Рассказ писателя не тронул Аленушку. Она подняла свою прелестную головку и со скучающим видом обвела взглядом просторную комнату, посередине которой стоял стол с уже значительно потрепанной сервировкой. Не стала эта хрупкая и маловразумительная душа вникать в многочисленные лица смеющихся и беседующих людей, мельком взглянула на погруженного в разговор с Конюховым Тополькова, а затем вдруг, с помощью ловкого умения расширив зрачки, обожгла Гробова стремительным и словно бы манящим в некую жуть взором, после чего, потупившись, вернулась в свое унылое разочарование. Гробов сообразил, что теперь кстати сказать.
- Да, взгляни на эти рожи, - патетически зашептал он, еще ниже, чтобы не услышали соседи, склоняясь к уху Аленушки. - Все такое расплывчатое, неопределенное, ни одного мужественного, героического лица, ни одного Нибелунга тебе, ни одного Роланда... не вижу, - перевел озабоченный Гробов дух, - характерных типов, ни двенадцати цезарей, ни двенадцати апостолов, ни малейшего ни у кого нет сходства с дядькой Черномором! А все сплошь деградировавшая, ожиревшая и одряхлевшая публика, бабье с морщинками, складочками, желвачками... к тому же черноволосые преобладают, а это опасный симптом... Эти людишки ни на что не годятся, разве что только складывать их в штабеля и поджигать вместо угля, для отопления...
Рассуждая так, Гробов хотел обратить внимание Аленушки на то обстоятельство, что сам он еще чудо как хорош, свеж и гладок; волосы пусть поредевшие, зато светлые; кроме того, многого достиг в жизни. Между тем неугомонность говорения уже завела его в лабиринт, он полагал, что постоянно берет верный тон, однако неизменно промахивался, попадал пальцем в небо и совсем не продвигался к намеченной цели. Аленушка, усмехаясь про себя, вспоминала, что всего какой-то час назад Топольков, с приторной грустью вздыхая, приковывал ее внимание к той же теме: а взгляни-ка, милая, как все мелко и ничтожно!..

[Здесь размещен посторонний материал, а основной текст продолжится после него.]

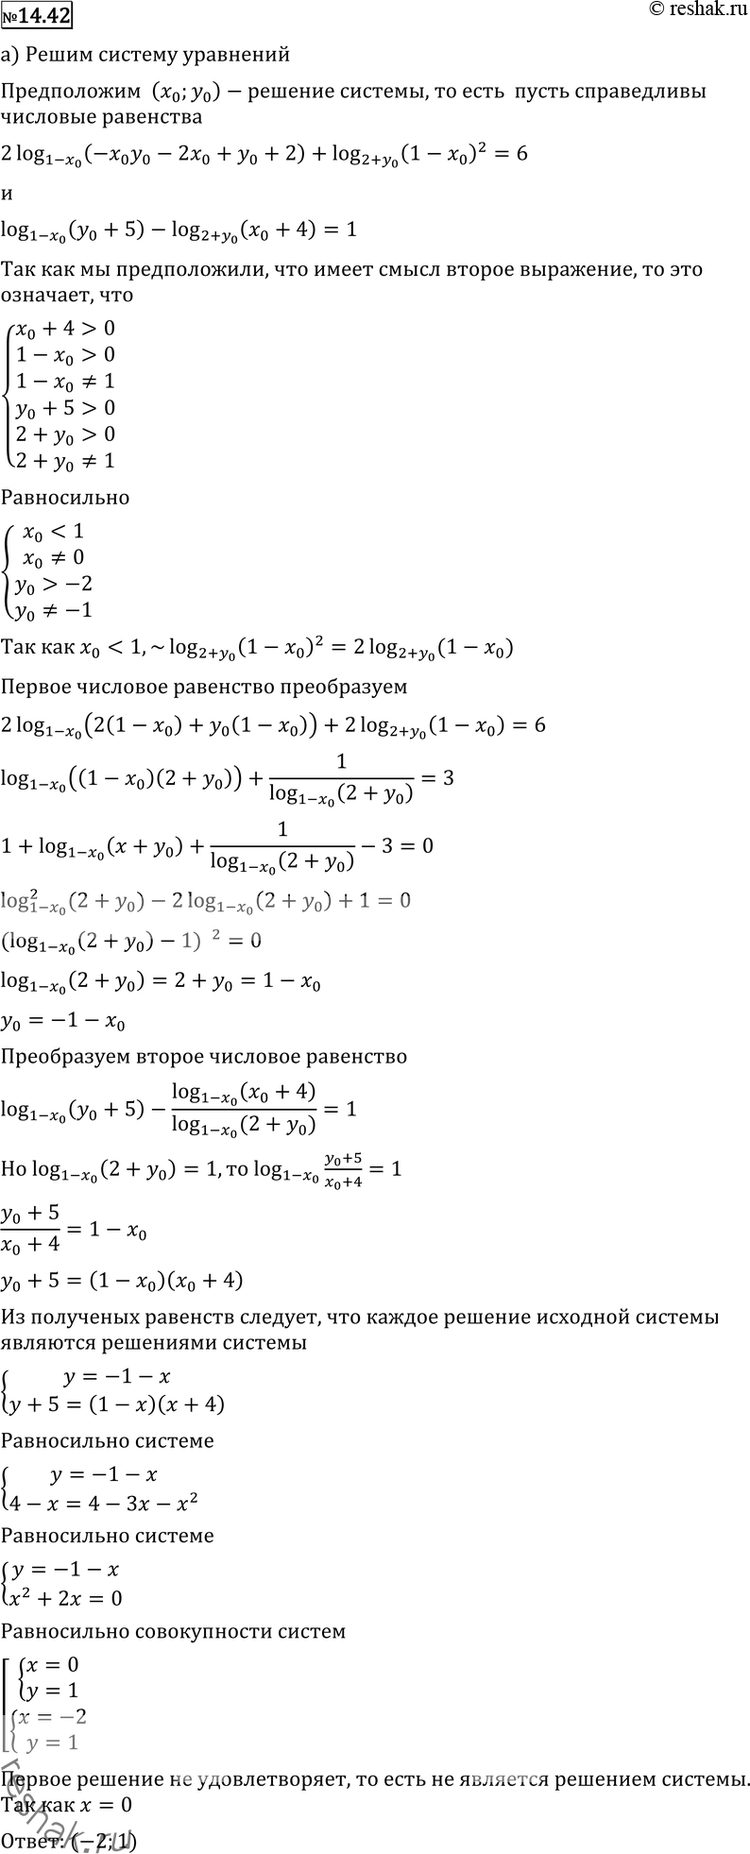  14.42 ) 2log1-x(-xy-2x+y+2) + log2+y(x2-2x+1)=6log1-x(y+5) - log2+y(x+4)=1; ) log1+x(y2-2y+1) + log1-y(x2+2x+1)=4log1+x(2y+1) - log1-y(2x+1)=2;...

Аленушка не то чтобы упорствовала в нежелании поменять сладкого и послушного Тополькова на угрюмого Гробова, а просто катилась по воле волн, готовая изменить курс лишь после того, как услышит по-настоящему дельные предложения. Гробов не понимал ее стихию и становился в тупик, ибо не представлял, какие еще нужны с его стороны ухищрения, чтобы девушка наконец капитулировала. Ему воображалось, что она от природы наделена огромной силой воли, обладает твердым характером. А ведь он страстно жаждал завладеть ею сегодня же, здесь, на втором этаже. Все четче высвечивающаяся перед ним необходимость предпринимать радикальные меры окутывала его сознание каким-то кровавым туманом, возбуждала плотскую активность, но мешала плодотворной работе мысли. Ему совсем не улыбалась перспектива закончить любовные труды дня в здешнем сортире. В то же время его задевало за живое откровенное пренебрежение Аленушки к строю его безусловно незаурядных идей, к тем взвешенным соображениям, которые он играючи, как и подобает маститому литератору, но с глубоким чувством высказал, складывая их одно за другим в грандиозную махину обличения человеческих пороков. Его речь о лицах собравшихся более чем удачно развенчивает и обобщает. Или он сказал не достаточно, чтобы эта птицеголовая девица убедилась в его величии?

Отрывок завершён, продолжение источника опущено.